Oil prices gained 2% Thursday on a combination of news that included a rumor that OPEC will extend output cuts until the middle of next year, though this was tampered by a build in US crude oil inventories. It’s also responding--more than anything--to the faintest of signals that there may be positive developments in the US-China trade war. A 2-percent gain is about all we can hope for at this point in time, when OPEC can no longer affect major oil price movements. The highlight of the week was Putin’s description of US shale technology as “barbaric” for its disregard for the environment and his positioning of Russia as an environmentally responsible oil and gas superpower. Intelligence has long pointed to Russian efforts to discredit fracking, which is a clear threat to Russia’s Gazprom market share, most immediately in Europe. Recent data suggests that Russia is one of the top five C02 emitters in the world.

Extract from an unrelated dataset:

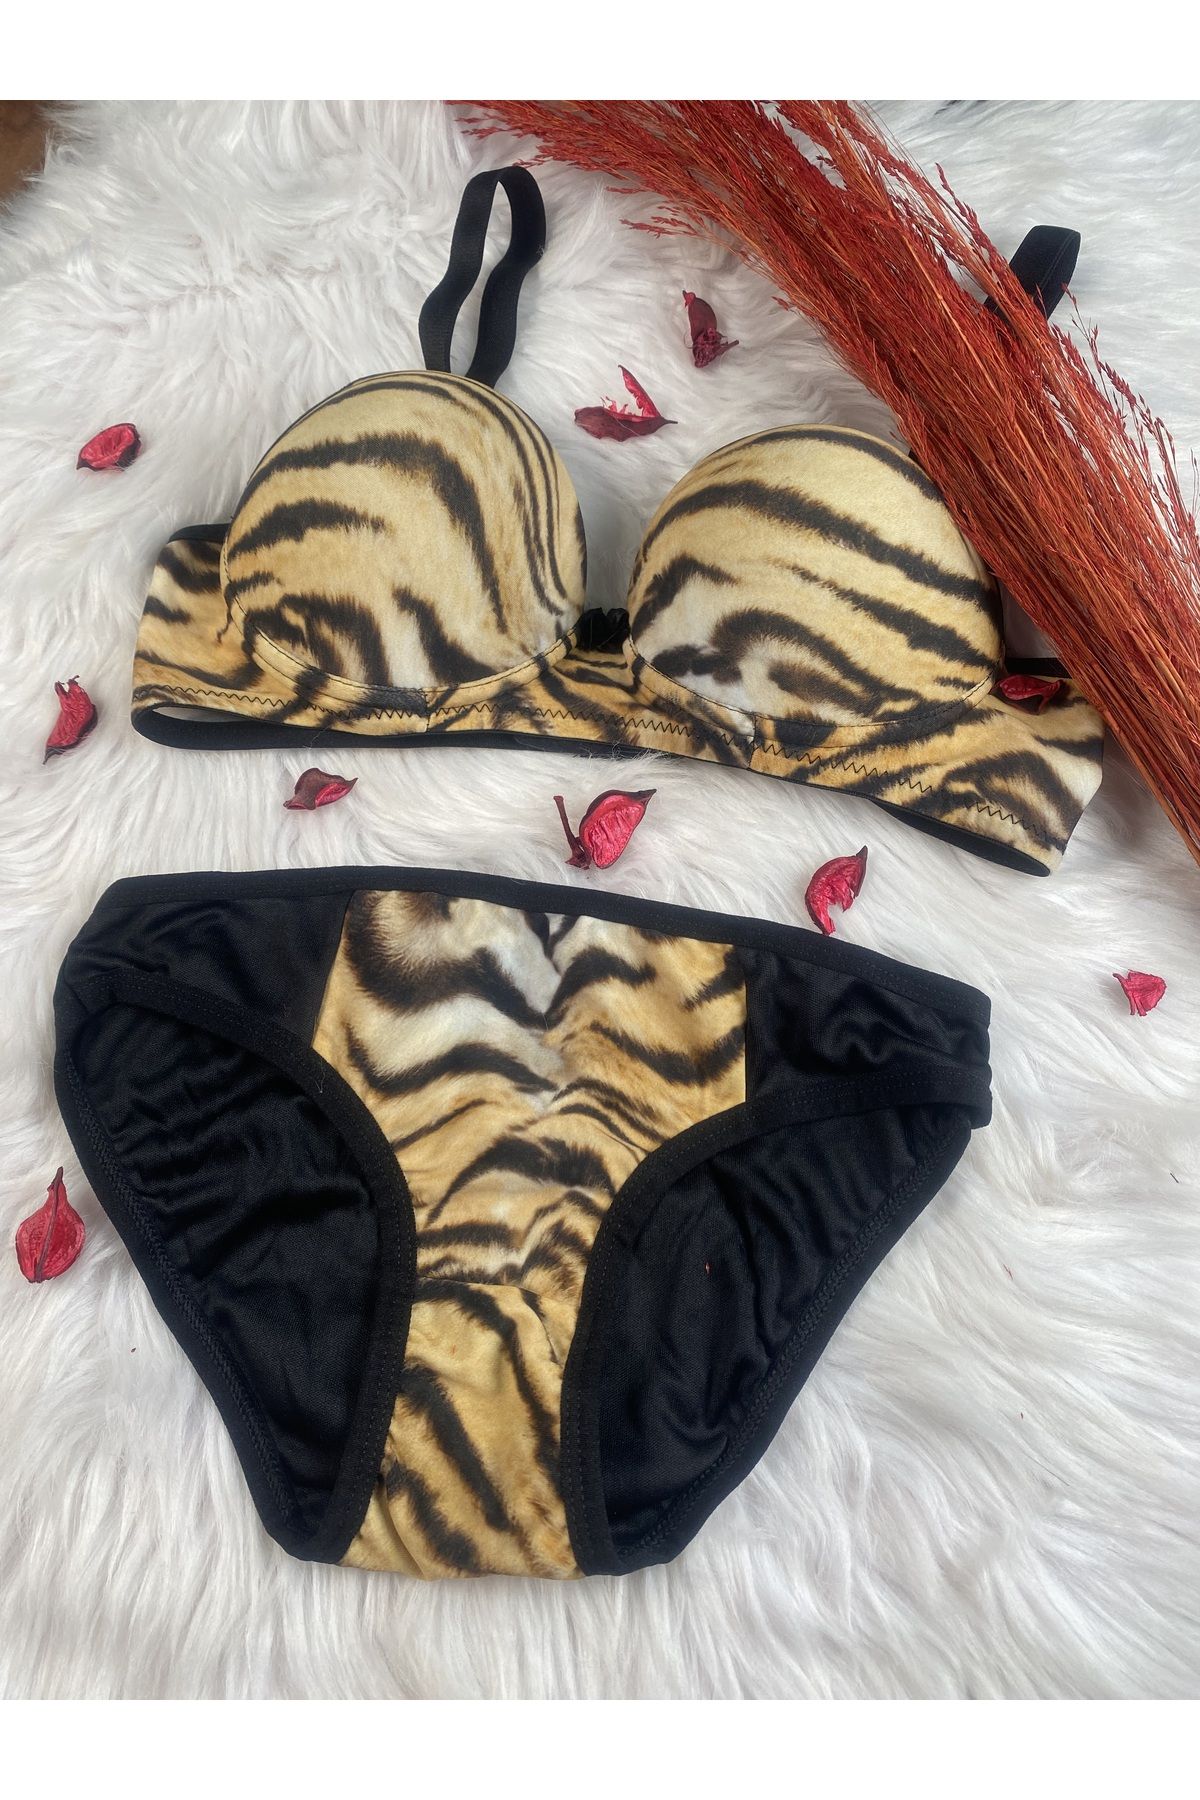 Masal Lingerie Women's Covered Tiger Pattern Padded Stylish Bra

What Just Happened Offshore Guyana?
There’s plenty to be excited about offshore Guyana with the strong of discoveries for Exxon and Hess and, more recently, the move to push first production to December this year, way ahead of 2020 schedule.
So, then why is Tullow--the other company behind some major discoveries in the same basin--seeing its stock drop?
Ireland-based Tullow Oil and its smaller partner, Eco Atlantic, have just been taken to the cleaners over Guyana. In a day (Nov 20th), Tullow stock shed…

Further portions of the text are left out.